Combating Global Climate Change at the Regional Scale

by Lisa Foderaro |December 10, 2019
photo of panelists at event

Panelists from left to right: Alex Halliday, Ruth deFries, Joshua Fisher, Lisa Sachs, Jason Bordoff, V. Faye McNeill. Photo: Eileen M. Barroso/Office of Communications and Public Affairs

With climate change affecting different parts of the world in different ways, a group of Columbia University faculty members gathered last week to examine regional approaches to the climate crisis in a forum that marked the 10th anniversary of the Columbia Global Centers.

The panel discussion, “Combating Climate Change: Regional Responses to Global Challenges,” touched on topics as wide-ranging as food security in India, metal mining in Latin America, drought in the Middle East, and air quality in Africa. Although the participants’ research spanned both geographic and subject areas, they seemed to agree on one thing: there is no one-size-fits-all strategy for dealing with climate change.

The participants said, too, that engagement with the Columbia Global Centers — located in nine major cities, from Mumbai to Istanbul to Santiago — helped them appreciate the distinct characteristics and priorities of each region when it comes to the climate crisis.

Jason Bordoff, director of the Center on Global Energy Policy, said that one of the key takeaways from the Global Centers is the “perspective of what a global problem looks like,” adding that it looks “really different in Bangladesh than it does in Berkeley, California.” As an example, he said that while there was a campaign to bypass natural gas — cleaner than coal, but still a fossil fuel — and move straight to renewable energy in the United States, such an approach was unrealistic in places like China or Africa.
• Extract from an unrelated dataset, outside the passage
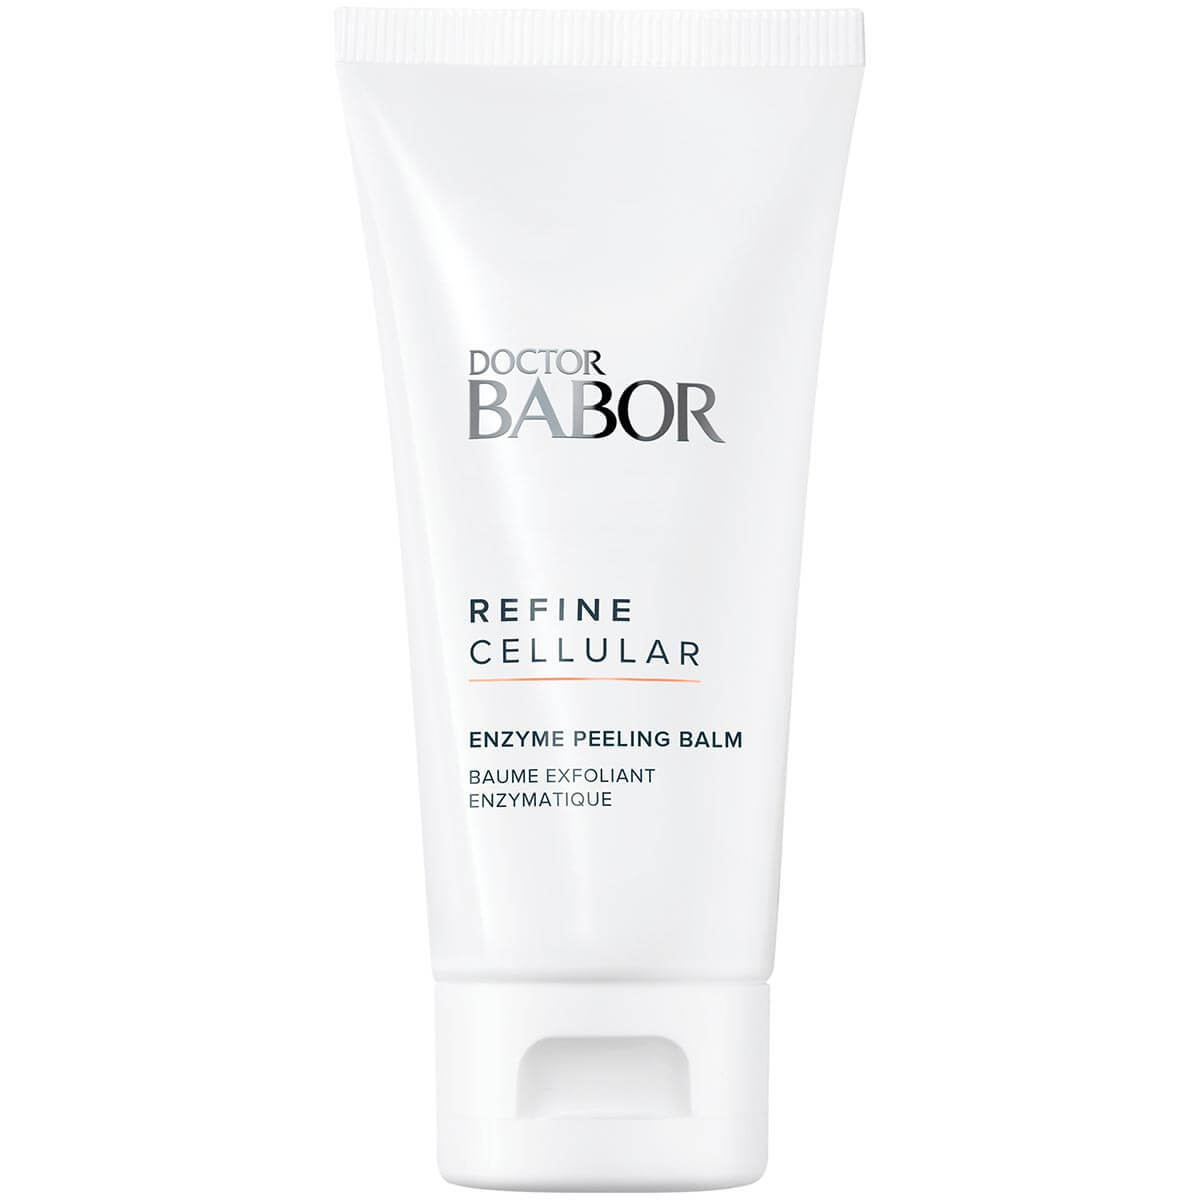 Ферментный пилинг бальзам Doctor Babor Enzyme Peeling Balm 75 мл
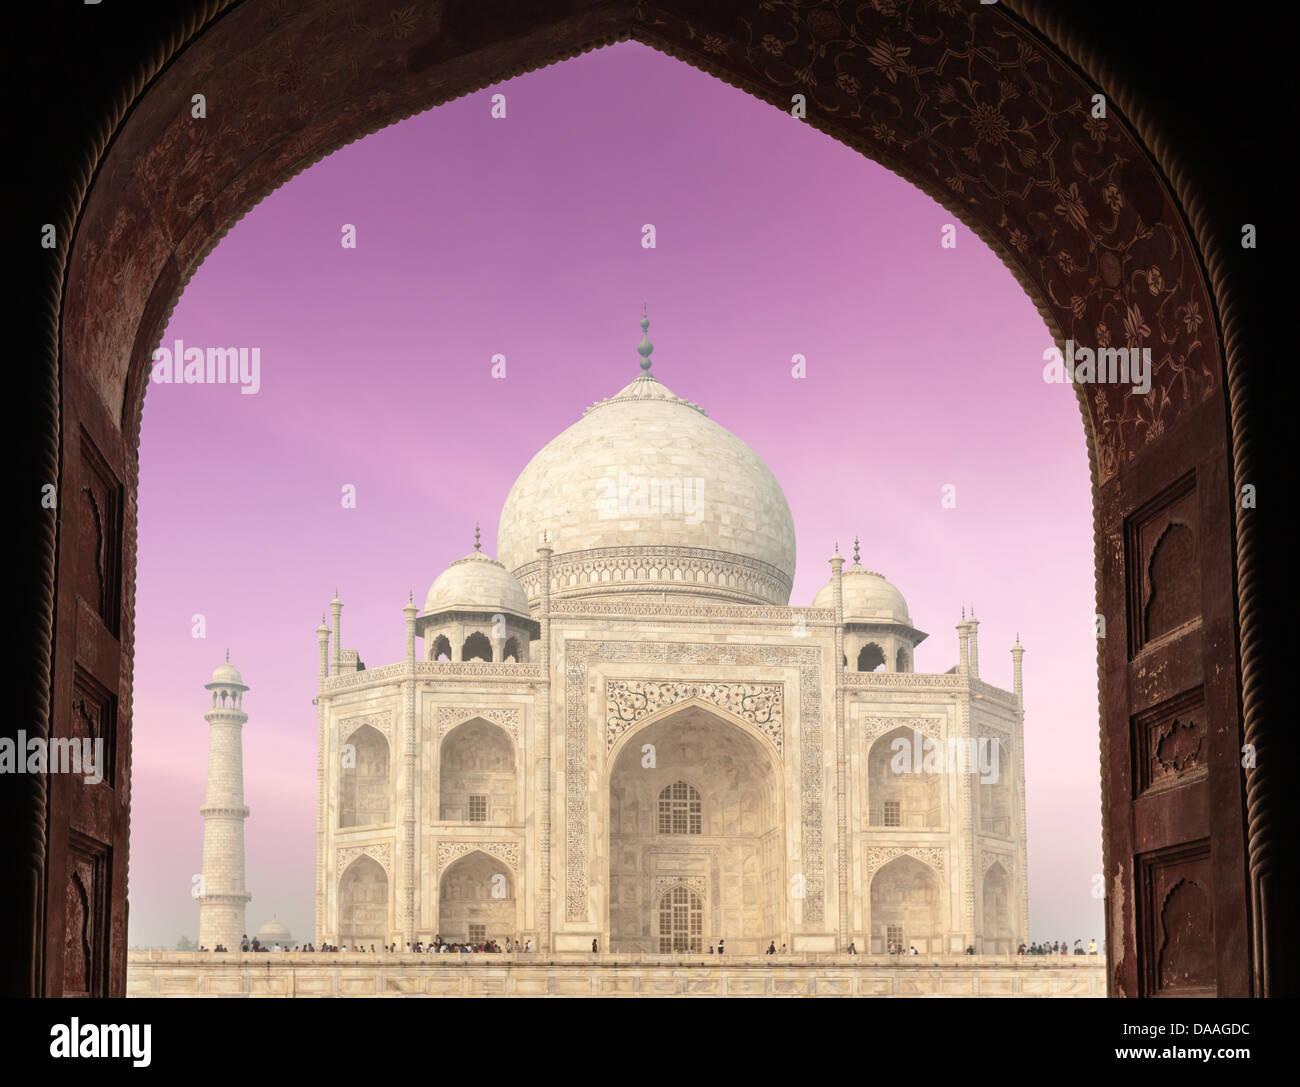 Taj Mahal through arch, Indian Symbol - India travel background. Agra, Uttar Pradesh, India - Stock Image

“Brookline, Massachusetts and Berkeley, California have banned the use of natural gas for heating,” he pointed out. “We can debate whether that’s a sensible policy solution in Brookline or Berkeley. It’s not when you are using firewood and dung for cooking and when switching to liquified natural gas would be a massive win.”

The panel brought together a diverse group of Earth Institute scholars. In addition to Bordoff, a top adviser on energy and climate in the Obama administration, the panelists were Ruth DeFries, University Professor and Denning Family Professor of Sustainable Development; Josh Fisher, director of the Earth Institute’s Advanced Consortium on Cooperation, Conflict and Complexity; Lisa Sachs, director of the Columbia Center on Sustainable Investment; and V. Faye McNeill, professor of chemical engineering. The discussion was moderated by Alex Halliday, director of the Earth Institute.

Halliday asked the panel whether they detected a new sense of urgency among elected officials and policy makers around the world. The response was a resounding “yes,” though not necessarily in the ways one might expect.

In India, for instance — where DeFries is studying the move away from nutritious, drought-resistant grains like sorghum and millet in favor of rice and wheat — the conversation on climate change “has really taken hold.” Until a few years ago, she said, it was difficult even to broach the subject since global warming was viewed as “Western-driven” or “somebody else’s problem.”

Still, discussion of climate in India often centers on water, agriculture, migration and other impacts, rather than on the greenhouse gas emissions responsible for them. “Most of the concern and conversation is around climate adaptation and how is the country going to live with these risks,” said DeFries.

In Chile and Brazil, where Sachs is researching energy-intense mines that will yield important metals for clean technologies, climate change is very much on the minds of industrial leaders and investors. “I’m not sure they are yet asking the right questions or necessarily taking all of the appropriate actions,” she said, “but I think the interest and openness to have that discussion has changed a lot in recent years.”

Noting the different approaches to climate around the world, Halliday observed that in the United States, it is cities, states and private philanthropies that are advancing the agenda, absent leadership from the Trump administration. He asked whether the panelists gleaned strategies worth emulating in other countries, where “you think these guys have got it right and we should actually follow them?”

In Bordoff’s view, countries that are either autocratic or very wealthy can best tackle emissions. “Command-and-control governments are pretty effective,” he said. “When China makes a decision about a target it wants to hit, where it wants to lead the world in electrification of vehicles or the solar industry, it does it. We have seen leadership in Scandinavia, but these are countries that have the resources and means to do this.”

Many countries, however, now face political and economic headwinds, such as rising populist movements, that threaten to slow the transition to clean energy. “Climate policy has a cost,” said Bordoff. “It’s much less than the cost of climate change, but it does have a cost. And there really is a concern about what we see — not just in the streets of Paris, but elsewhere — with whether people will be willing to accept that.”